Published on 02/04/20 at 12:00pm
Image credit: geralt (pixabay.com)

The FDA has announced the approval of Sevenfact, a haemophilia therapy the active ingredient from which is expressed in genetically engineered rabbits – a first for the US regulator.

The product, developed by Laboratoire Francais du Fractionnement et des Biotechnologies, is indicated in the treatment and control of bleeding episodes in patients of at least 12 years old with haemophilia A or B with inhibitors.

The active ingredient in the drug is a recombinant analogue of human Factor VII, one of the clotting factors deficient or dysfunctional in patients with haemophilia A. The ingredient is expressed in the mammary gland of genetically altered rabbits and is secreted in their milk. By processing and purifying the milk, the ingredient is converted into activated FVII, or FVIIa.

While introduction of appropriate clotting factors may treat continuous or uncontrolled bleeding in affected patients, those who have developed antibodies, or inhibitors, to these factors may become resistant to their beneficial effects. Products like Sevenfact bypass the reaction to Factors VIII and IX in these patients and promotes clotting and controls bleeding.

It is estimated that around 20,000 people in the US live with a form of haemophilia today.

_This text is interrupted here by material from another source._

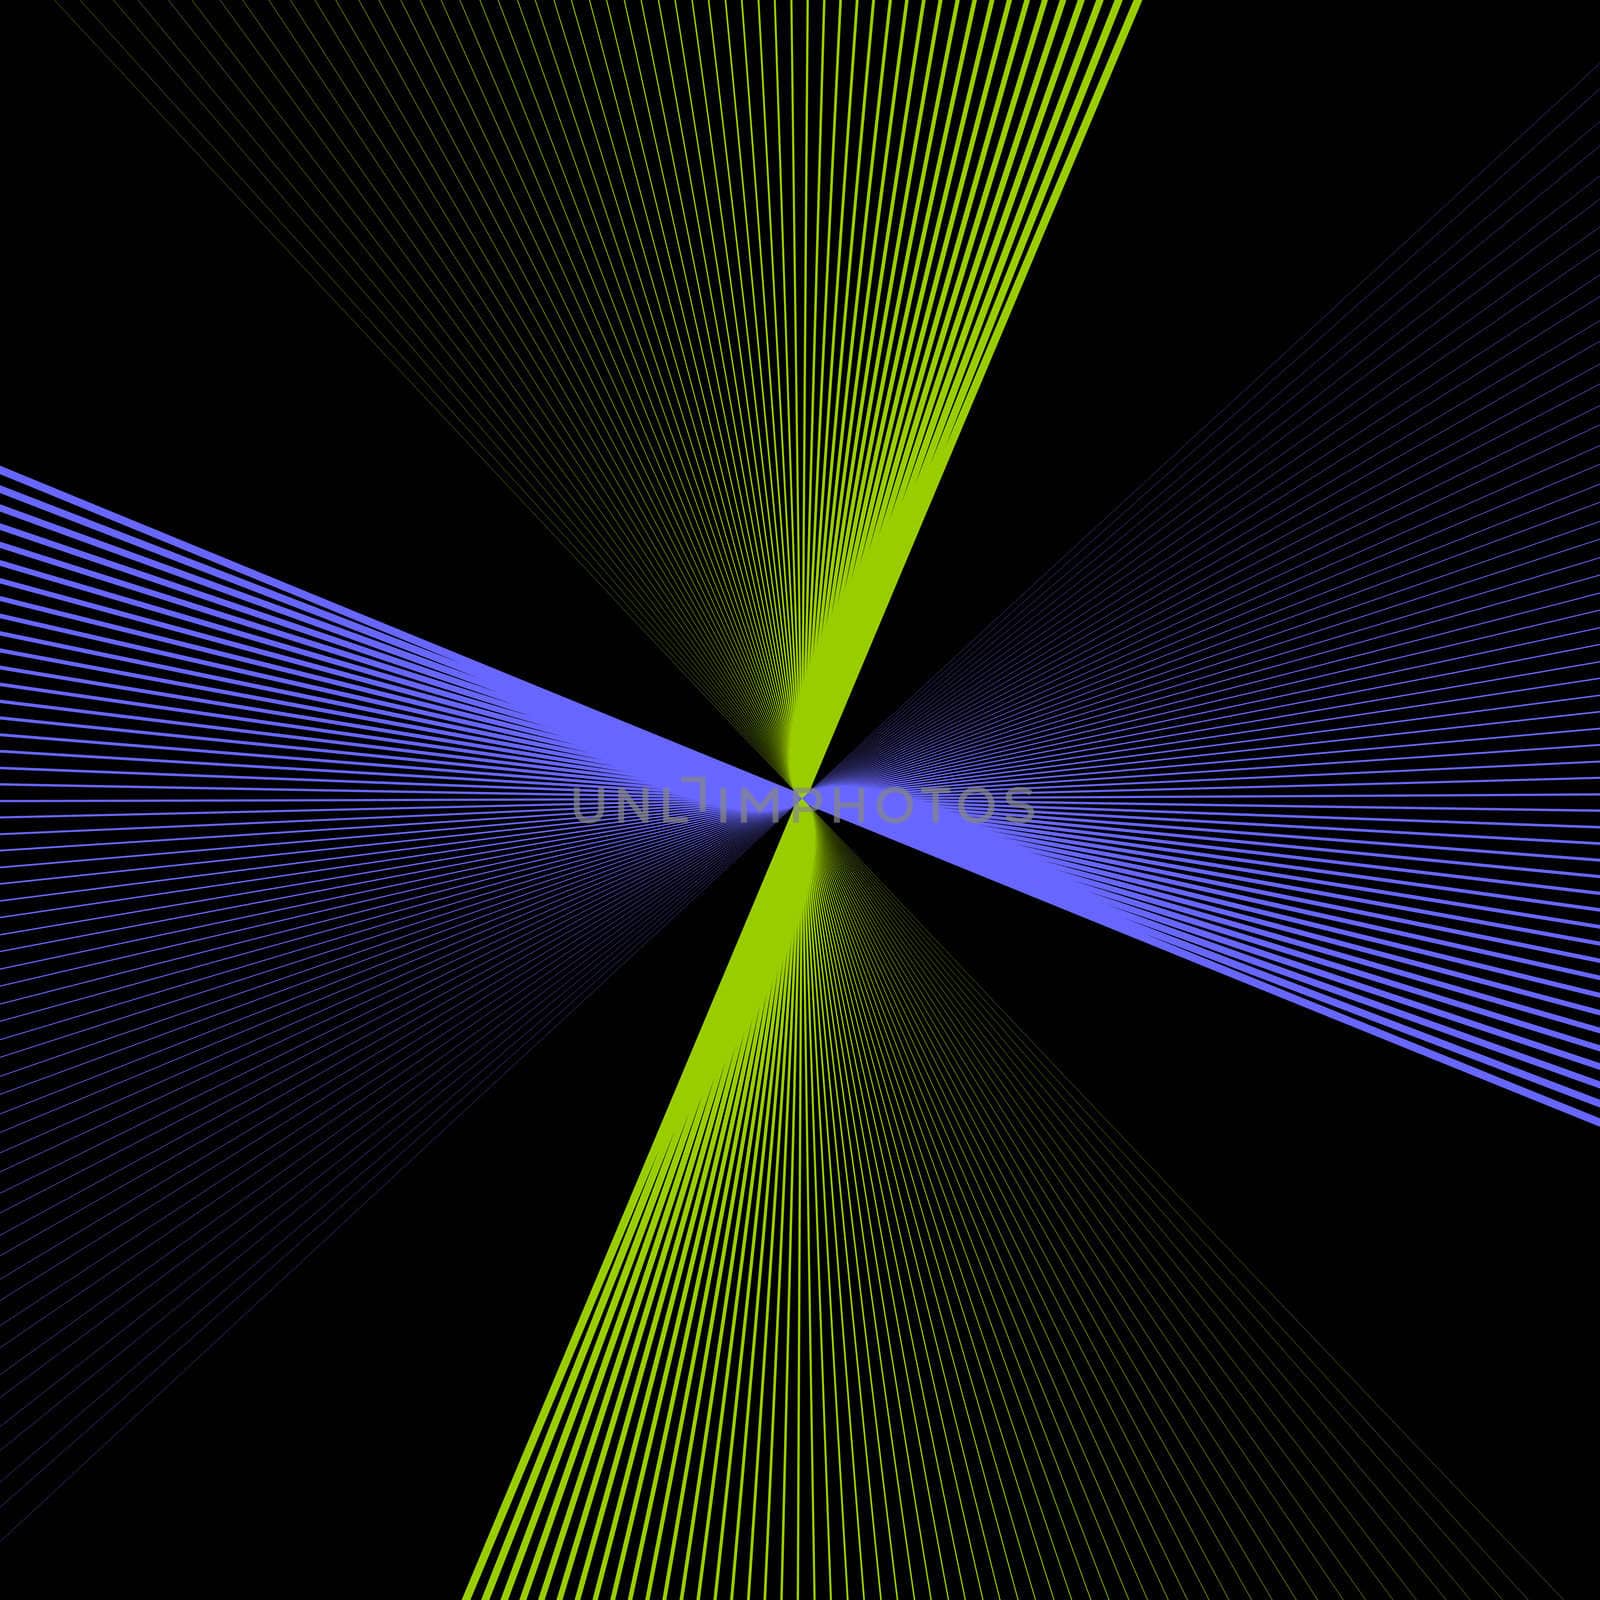 A fractal with rays of blue and green twisting and radiating out from the cetral core in pinwheel fashion.

The recombinant DNA construct was given the go-ahead by the FDA’s Center for Veterinary Medicine. Steven M Solomon, Director at the Center, commented: "Based on a comprehensive analysis of the scientific evidence, the FDA determined that the rDNA construct inserted in the rabbit's genomic DNA is safe for the animal and for the people handling the rabbits, and is effective in causing Human Factor VII (hFVII) protein to be expressed in the rabbits' milk. The FDA has also determined under the National Environmental Policy Act that approval of the application will have no significant impact on the environment."

The approval was based on data drawn from 27 patients with haemophilia A or B with inhibitors, covering treatment of a total of 465 mild or moderate and three severe bleeding episodes.

It was found that around 86% of these mild or moderate cases were deemed to have been successfully treated 12 hours after the initial dose in both the lower 75mcg/kg dose and the higher 225mcg/kg dose. Furthermore, the three severe episodes were also successfully treated with the higher dose.